Nick will come home, sweaty and salty and beer-loose from a day at the ballpark, and I'll curl up in his lap, ask him about the game, ask him if his friend Jack had a good time, and he'll say, "Oh, he came down with a case of the dancing monkeys—poor Jennifer was having a 'real stressful week' and really needed him at home."
Or his buddy at work, who can't go out for drinks because his girlfriend really needs him to stop by some bistro where she is having dinner with a friend from out of town. So they can finally meet. And so she can show how obedient her monkey is: He comes when I call, and look how well groomed!
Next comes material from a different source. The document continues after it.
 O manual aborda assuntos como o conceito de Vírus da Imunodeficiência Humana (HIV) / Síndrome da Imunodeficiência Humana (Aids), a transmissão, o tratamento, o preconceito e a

Wear this, don't wear that. Do this chore now and do this chore when you get a chance and by that I mean now. And definitely, definitely, give up the things you love for me, so I will have proof that you love me best. It's the female pissing contest—as we swan around our book clubs and our cocktail hours, there are few things women love more than being able to detail the sacrifices our men do for us. A call-and-response, the response being: "Ohhh, that's so sweet."
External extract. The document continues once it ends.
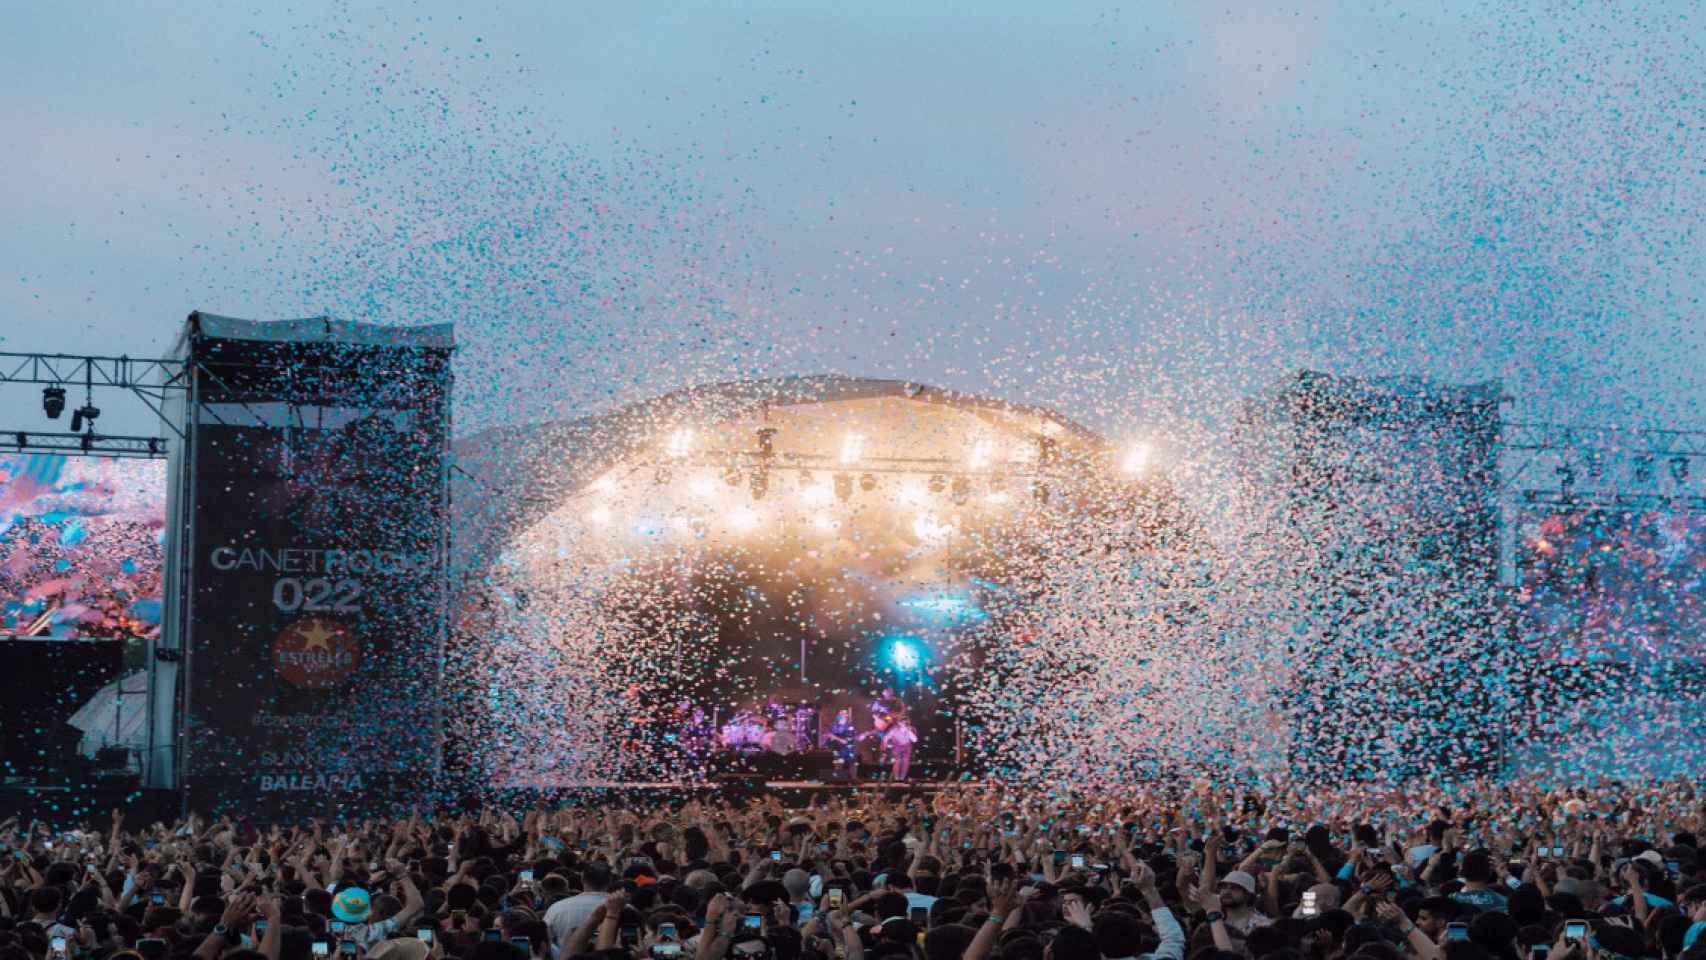 Una imagen del Festival Canet Rock, que ha reunido a 25.000 personas en su 8a edición / TWITTER

I am happy not to be in that club. I don't partake, I don't get off on emotional coertion, on forcing Nick to play some happy-hubby role—the shrugging, cheerful, dutiful taking out the trash, honey! role. Every wife's dream man, the counterpart to every man's fantasy of the sweet, hot, laid-back woman who loves sex and a stiff drink.
I like to think I am confident and secure and mature enough to know Nick loves me without him constantly proving it. I don't need pathetic dancing-monkey scenarios to repeat to my friends; I am content with letting him be himself.
I don't know why women find that so hard.